Hi, Holla Forums. I was reading some 1940s fascist literature earlier, and it really inspired me to make the world a better place. It occurs to me that these literal faggots keep showing up every day saying, "Oh hi guys. I'm gay. Can I b NatSoc? I'm real fashy as you can see. Check out my swastika tramp stamp.” It's a bit weird, but they seem to be asking in good faith. That's why I decided to go ahead and find a cure for homosexuality real quick.
We know that the cause isn't completely genetic for several reasons: A) Animals keep turning into fags. Evolution should have already bred it out in animals. B) Twin human beings have different sexual orientations. The fact that it exists in animals also demonstrates that it's not a choice (for non-Jews).
Modern theories point toward epigenetics. Some white scientists argue that homosexuality may be the result of a fetus' exposure to testosterone. If a male fetus gets too little testosterone, he grows up wanting to suck dicks. If a female fetus gets too little, she grows up wanting to lez out. So, to cure homosexuality, I've conceived a fool-proof blitzkrieg that will utterly devastate it:
1) Air: The first step is to drop some awareness bombs about androgen levels. Every Aryan mother should get tested for abnormal androgen levels during pregnancy (this can be done with a urine test). If those androgen levels are out of whack, she needs to consult with her doctor about getting them straight. Dietary changes have been shown to help. Perhaps in time there will be a ready-made pill for producing a healthy cisgender heterosexual baby that instinctively roman salutes Adolf Hitler.
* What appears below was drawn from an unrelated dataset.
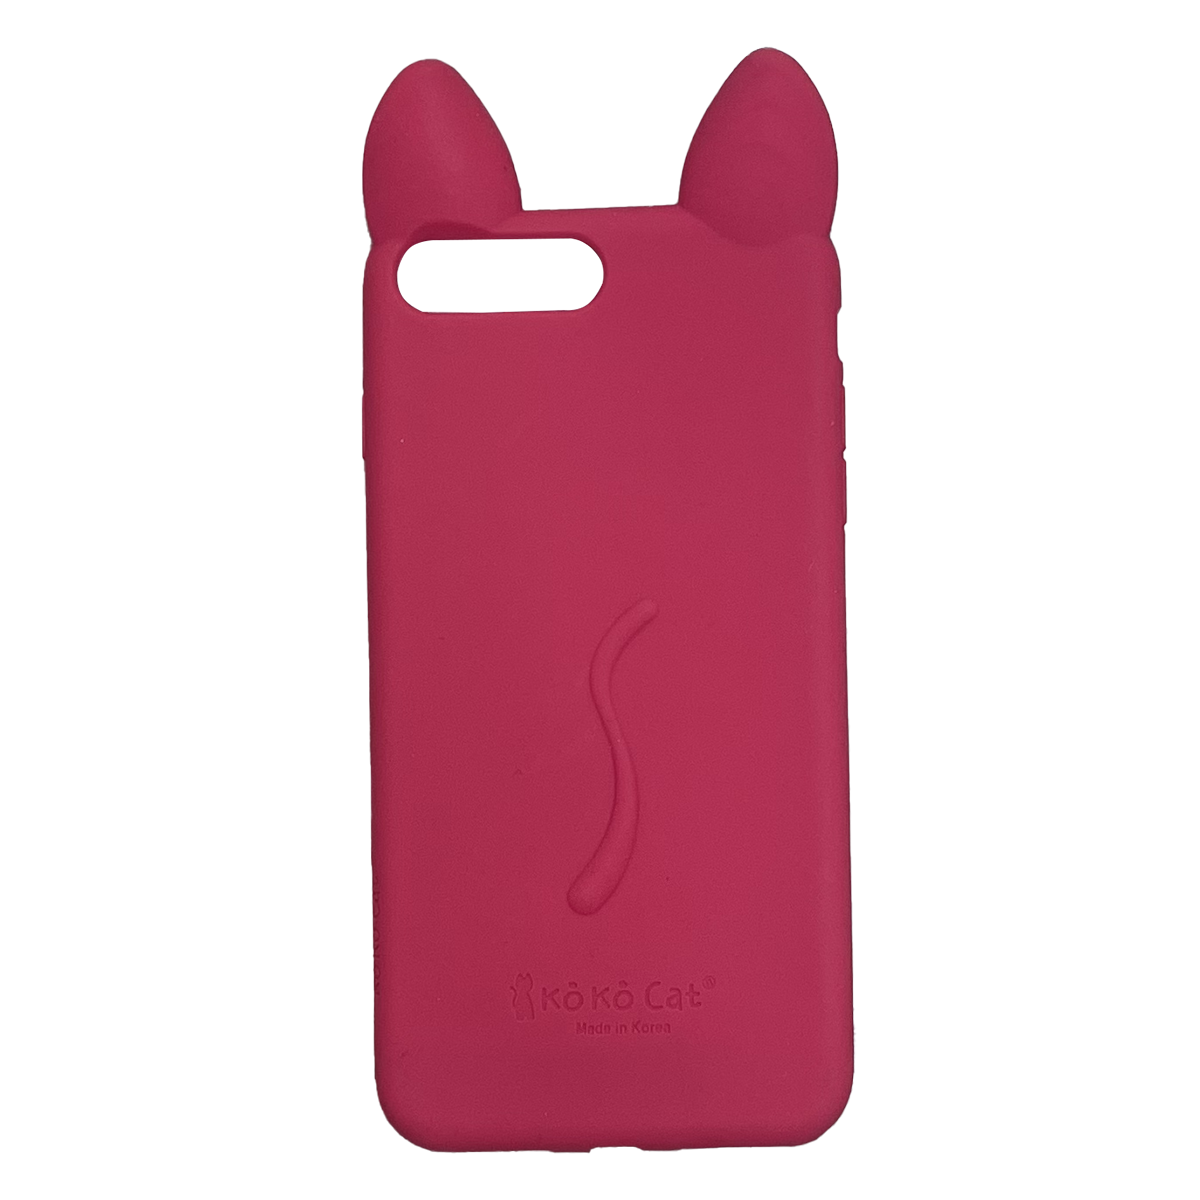 Чохол KoKo Cat для iPhone 7 Plus/8 Plus (Pink)

2) Armor: If we are to help these entryist faggots, then we need a medical treatment to keep enemy cocks from piercing their ass-tanks – some kind of pill to alter their gene expression. All it will take is a Mengele-style doctor to find a few pro-NatSoc faggots, start giving them various chemical compounds, and repeatedly ask them, “Did that make you like chicks?” Current epigenetic theory will likely help narrow down the list of possible substances. The only reason this hasn't been done already is because (((they))) have no desire to get rid of faggotry.
3) Infantry: With the cure found, all that remains is to convince the non-NatSoc degenerates to take it. Obviously that will be very easy once we… Make America Great Again, but in the meantime, we can send in Christian missionaries into San Francisco with a large supply of the pills.
Once racially aware doctors start cutting past the PC bullshit, there's no telling what we could do! They might even find a cure for blackness some day!